The bodega, besides being both employer of and vital food supplier to New York’s vulnerable, is a key social space in almost every neighborhood in the city. It’s where harried commuters grab their bacon, egg & cheese in the morning, kids scramble loudly for candy after school, and immigrant workers bond over beers after work.

I don’t see vending machines or cashier-free stores making this business model obsolete overnight, but the old-fashioned corner store is a democratic space in a way that cashless eateries decidedly are not. And in big cities where low income residents consistently overrepresent in public health outcomes like asthma, diabetes and obesity, to restrict healthy eating options to the well-off is not only exclusionary, it’s perpetuating a crisis of health inequality.

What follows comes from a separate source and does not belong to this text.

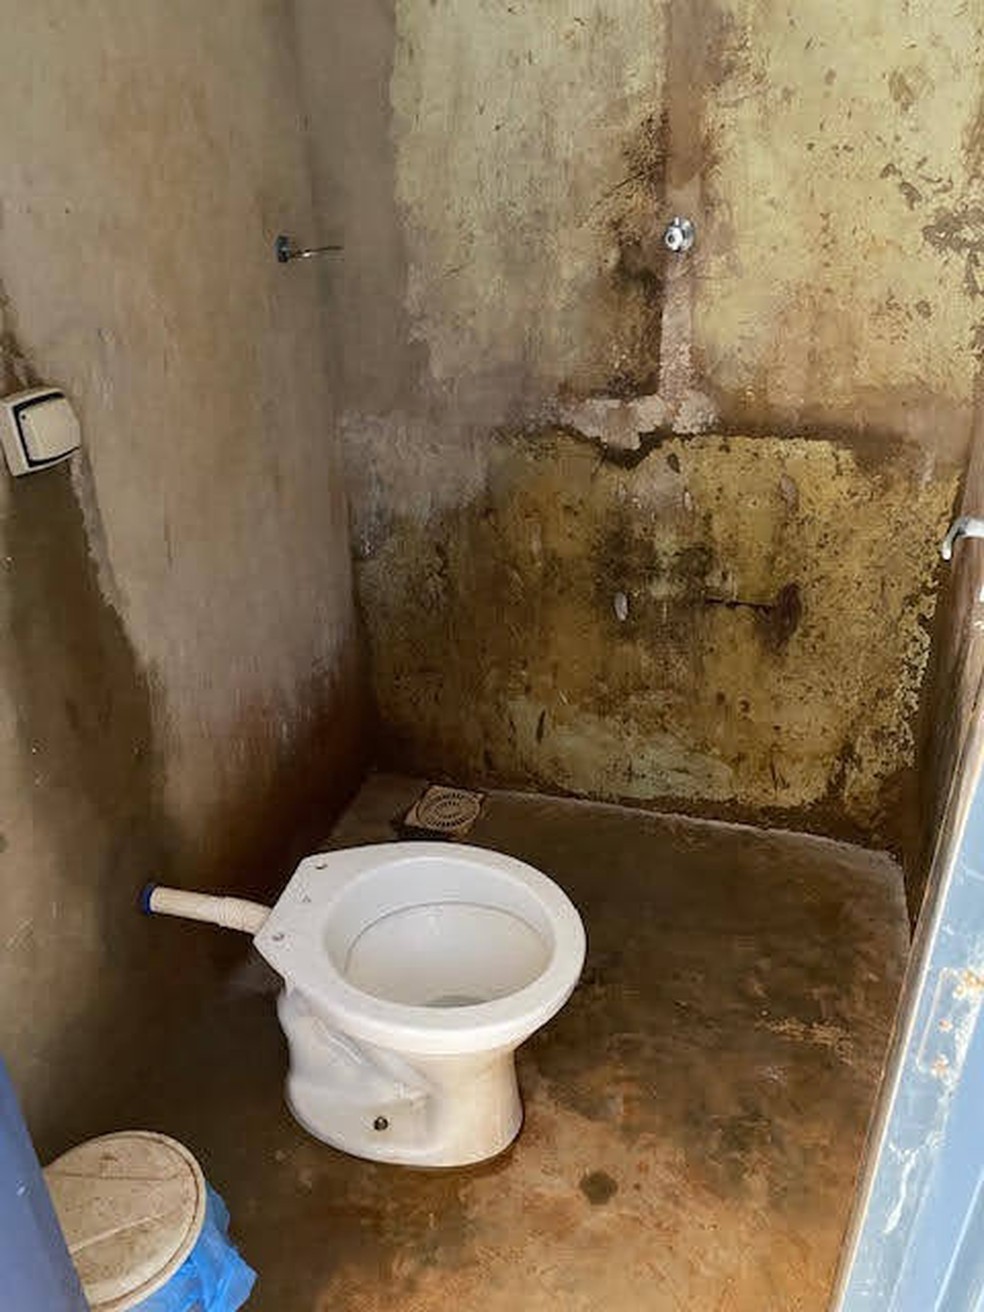 Condição de banheiro em condomínio no qual viviam trabalhadores em Parcatu — Foto: Grupo de Combate ao Trabalho Escravo em Minas Gerais/ Divulgação

The coronavirus pandemic has brought this inequality into stark relief. Not only are low-income Americans more likely to die of COVID-19, they’re much more likely to face food insecurity as a result of the ensuing economic contraction, especially since federal help dried up over the summer. But the pandemic has also sparked some encouraging food trends—and I’m not talking about sourdough starter or banana bread. Diners have become much more enthusiastic about supporting their local mom-and-pop establishments, and mutual aid groups have sprouted up to collect and distribute food to the neediest. As horrendous as COVID-19 has been, it might at least be encouraging us to have more honest discussions about who gets to benefit from healthy food and healthcare access. No amount of green could buy that.

-
Alexander McQuilkin is a full-time bureaucrat in New York City’s housing agency, and a part-time writer and wino.